I bought a "classic" French crepe pan made of steel for about $15. What a dud! Contrary to the manufacturer's claims, it did not heat evenly and when the center spot was done to perfection, the outer edges were pale. (Or the outer edges were done and the center was burned.)
I bought another one at Sur la Table. It is heavy aluminum with a non stick surface and it works great every time. It doesn't need to "get in the mood" as Jaque Pepin would say, unlike the steel pan. I don't recall the brand name but it was about $16 and worth every penny. 
A friend has a crepe pan that is slightly convexed. The idea is, you dip the surface of the pan in the batter and are thereby assured of a thin, even crepe every time without having to swirl the pan. I'm sorry, but again I forget the name of it. (I should know too because I seem to recall it being a Scottish name.)
Anyway, for my money non stick aluminum is the way to go.

Jock


----------



## bouland (May 18, 2001)

I have a large nonstick aluminum pan I use for large crepes, but for smaller ones I just use a nonstick frying pan -- which also works fine. The ones that dip in the batter are a gimick IMHO. The advantage the flat crepe pan has over a frying pan is the low edges make it easier to remove the cooked crepe from the pan with a long spatula. For more a crepes *click here*.


----------



## isa (Apr 4, 2000)

*A Skillet's as Good a Crepe Pan*
By REGINA SCHRAMBLING

NLIKE tarts, Bundt cakes and soufflés, crepes do not need a special pan. You can buy one, made of thin dark steel with a low, slightly sloping rim, but is it worth the investment? I put a classic seven-inch crepe pan to the test against my all-purpose Wear-Ever nonstick skillet. For both, I tried two standard recipes from Julia Child and Madeleine Kamman.
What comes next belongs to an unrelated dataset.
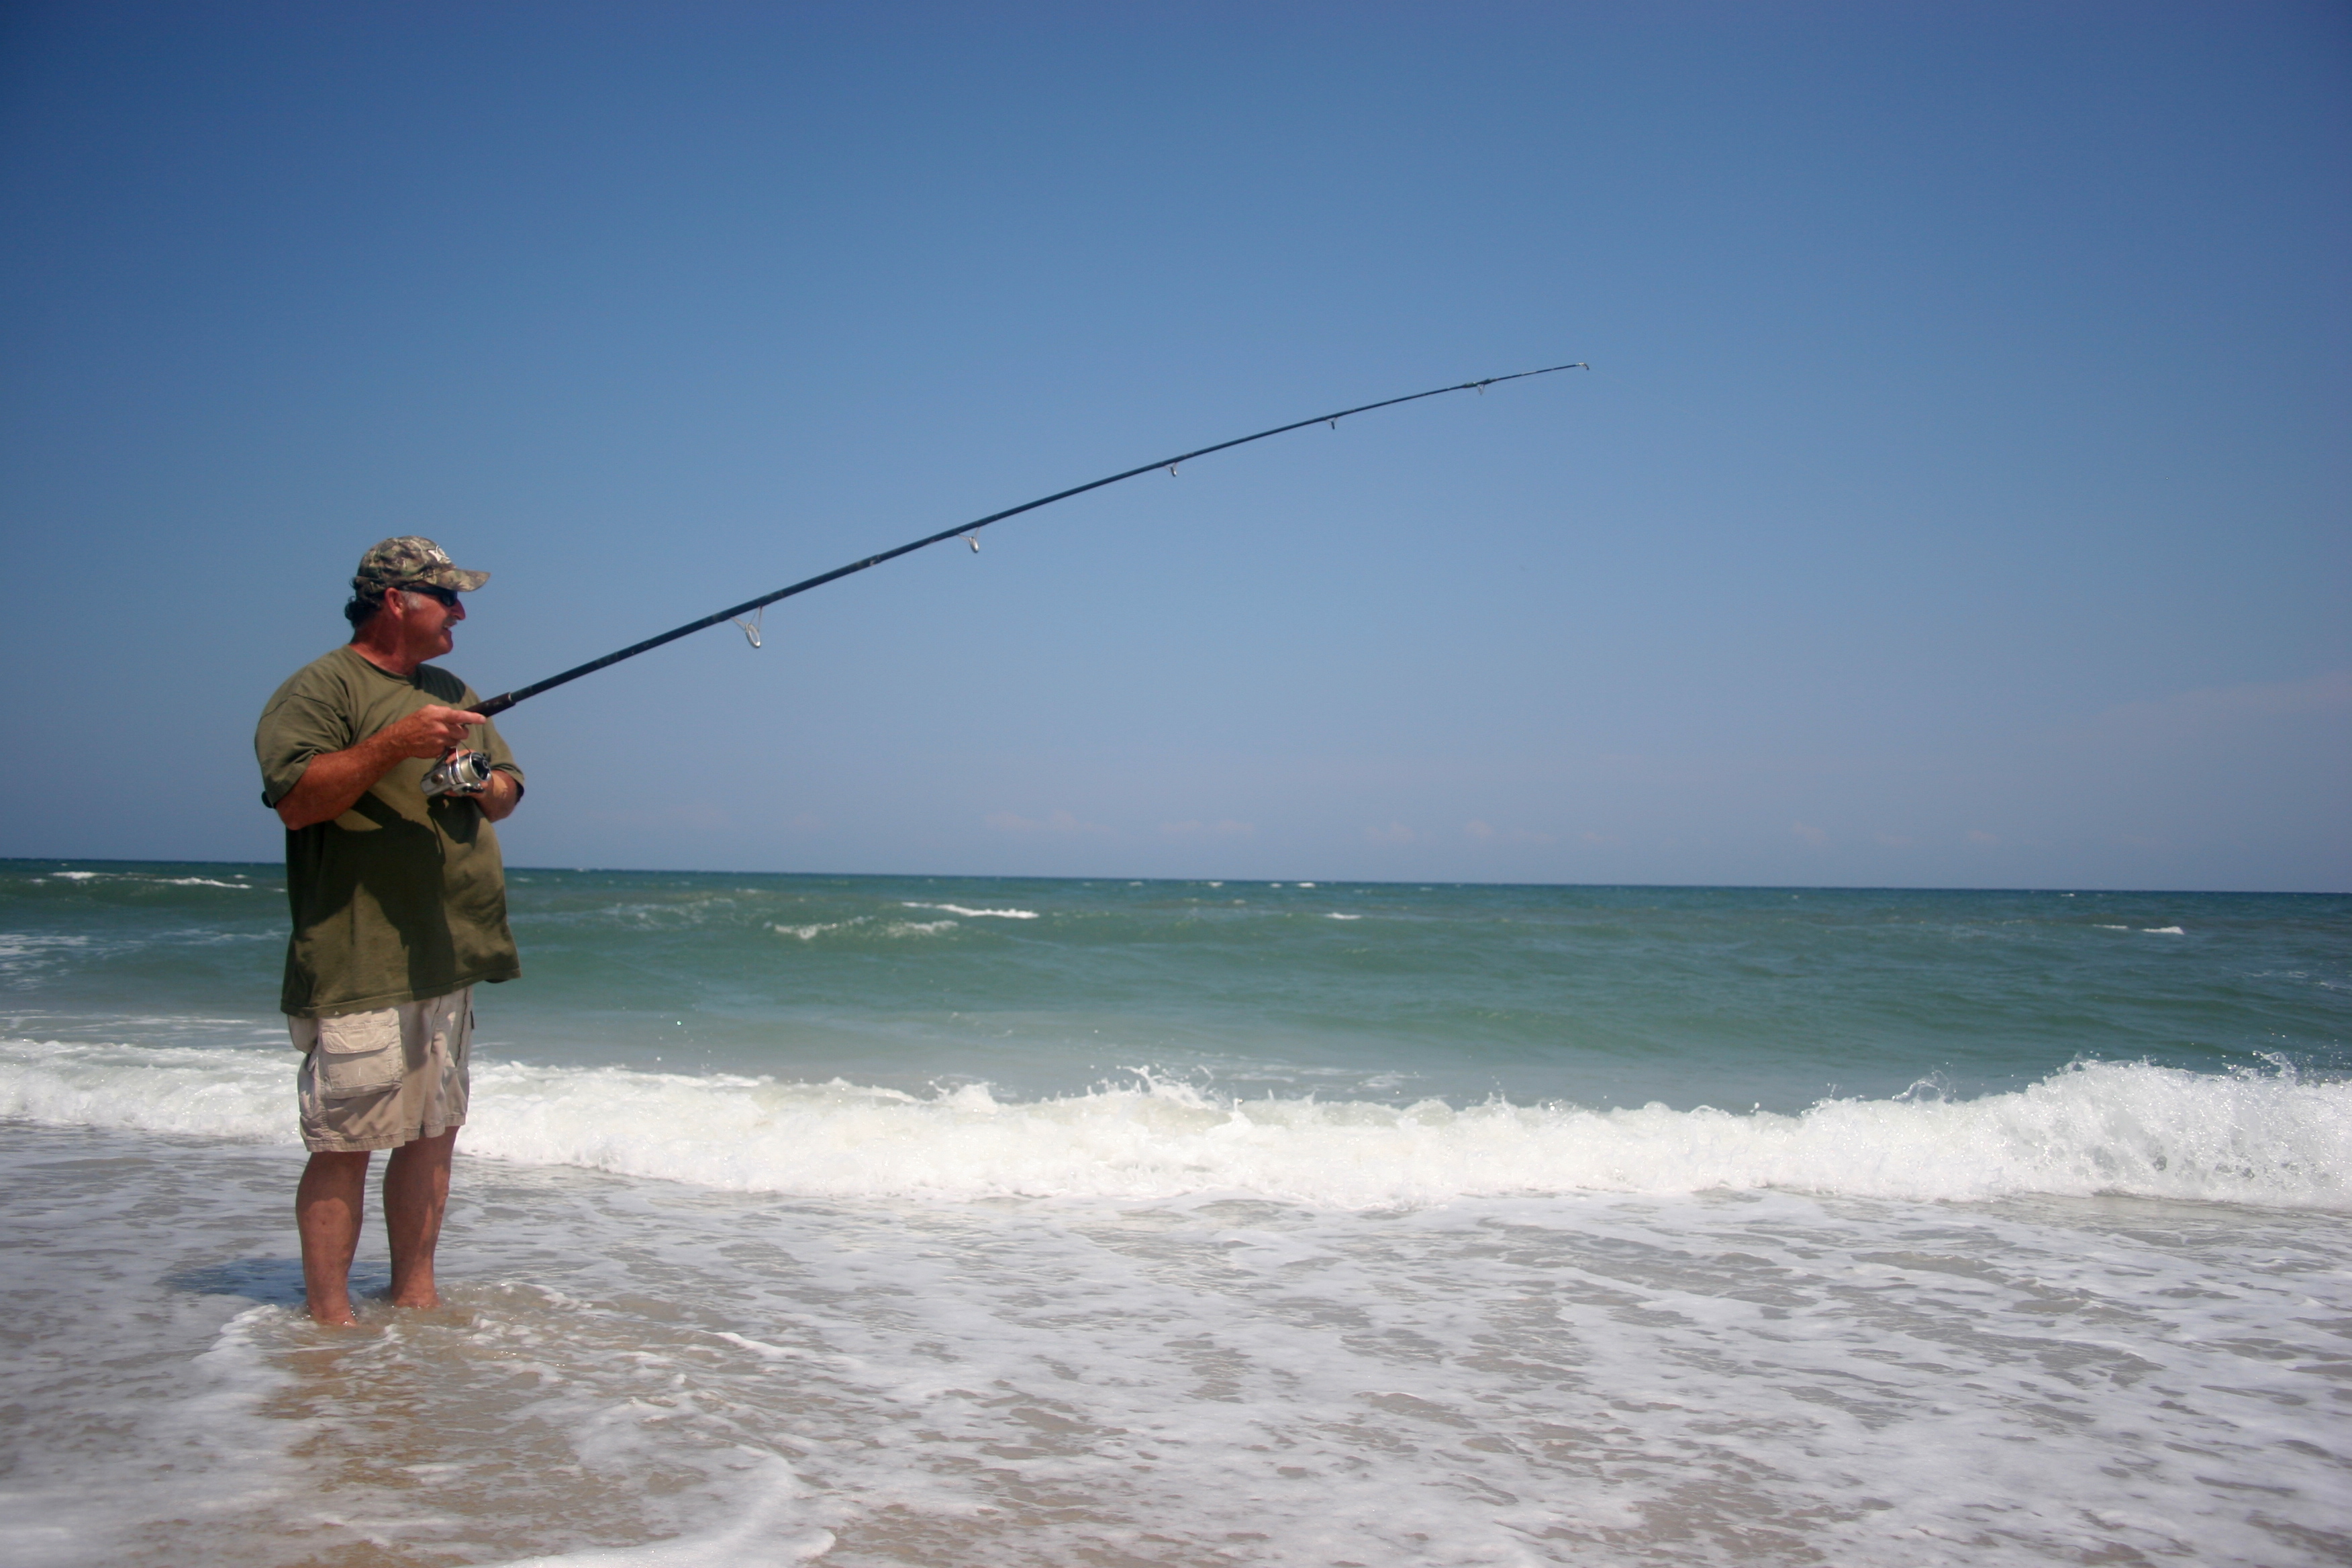 A surf fisherman stands in the water holding his surf rod and watching the waves

Both pans are perfectly nonstick. The crepe pan heated evenly, very quickly, and retained the heat through the cooking of many crepes. All the crepes got a uniformly speckled brown surface, and I was able to make them good and thin. One serious disadvantage is the handle, which is steel and gets hot fast.
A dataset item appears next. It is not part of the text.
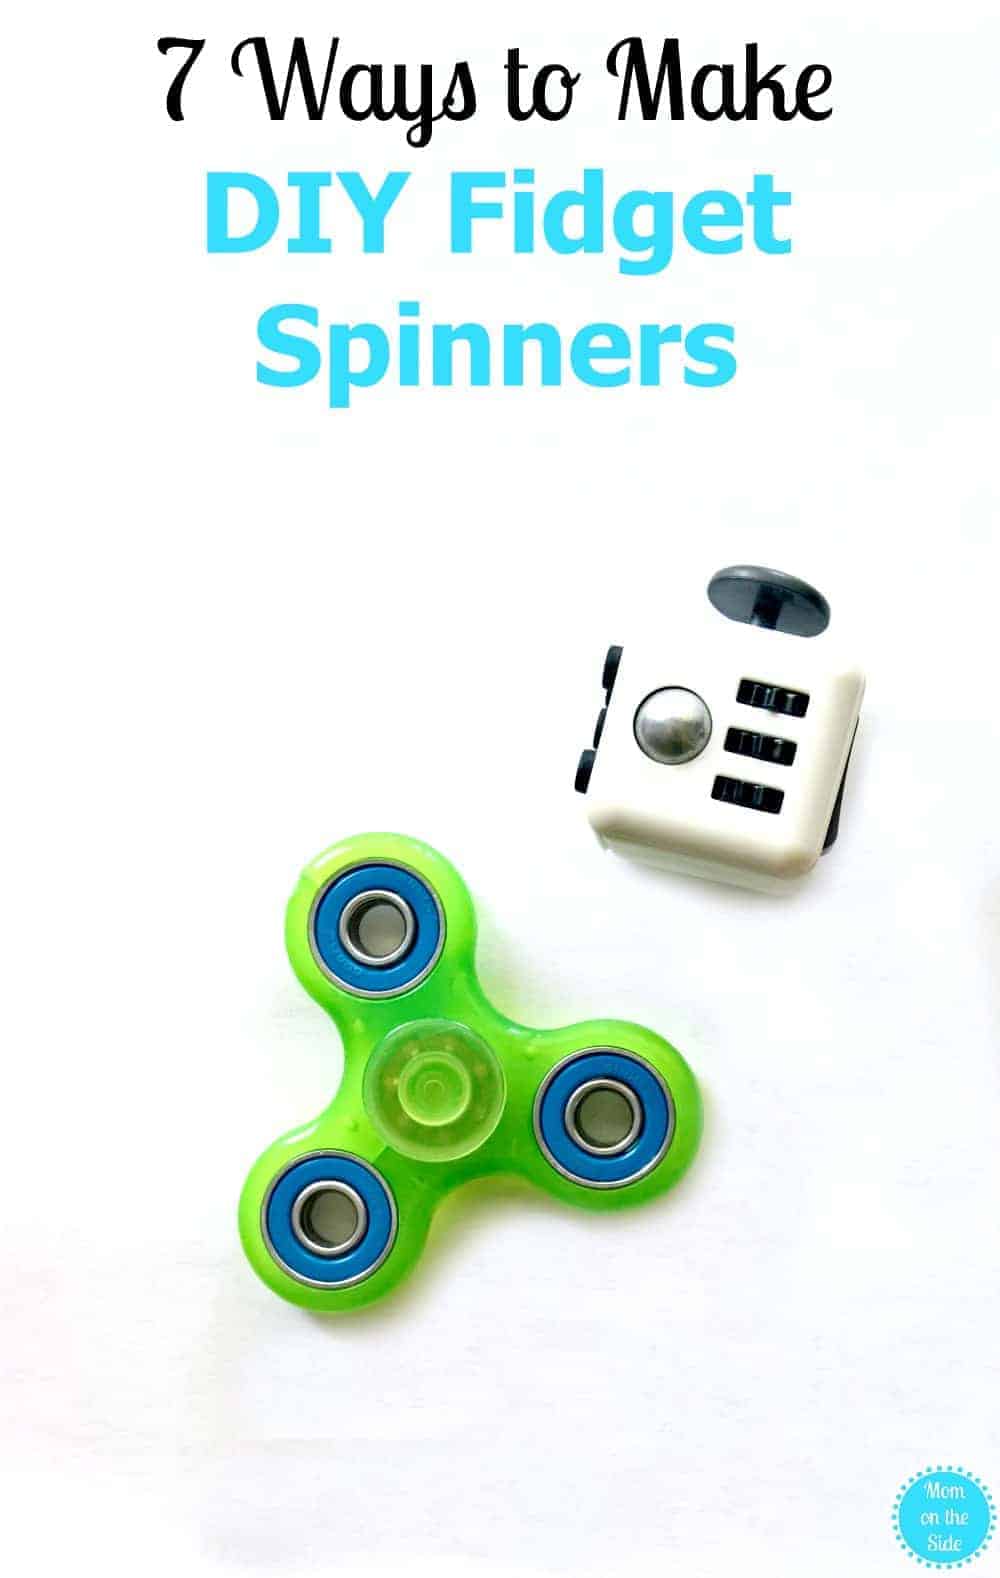 7 Ways to Make DIY Fidget Spinners by Mom on the SIde

But the skillet worked just as well, and it has a rubber shield on the handle. The only downside was that its rounded sides kept the batter from spreading evenly before it set, and so I had to work to keep the edges of the crepes from thinning out and turning crisp. But that problem was far outweighed by the Wear-Ever's ability to do so many other jobs besides cooking crepes.

The crepe pan is $13.98 at Zabars, the skillet $27.98.

The New York Times, January 2, 2002


----------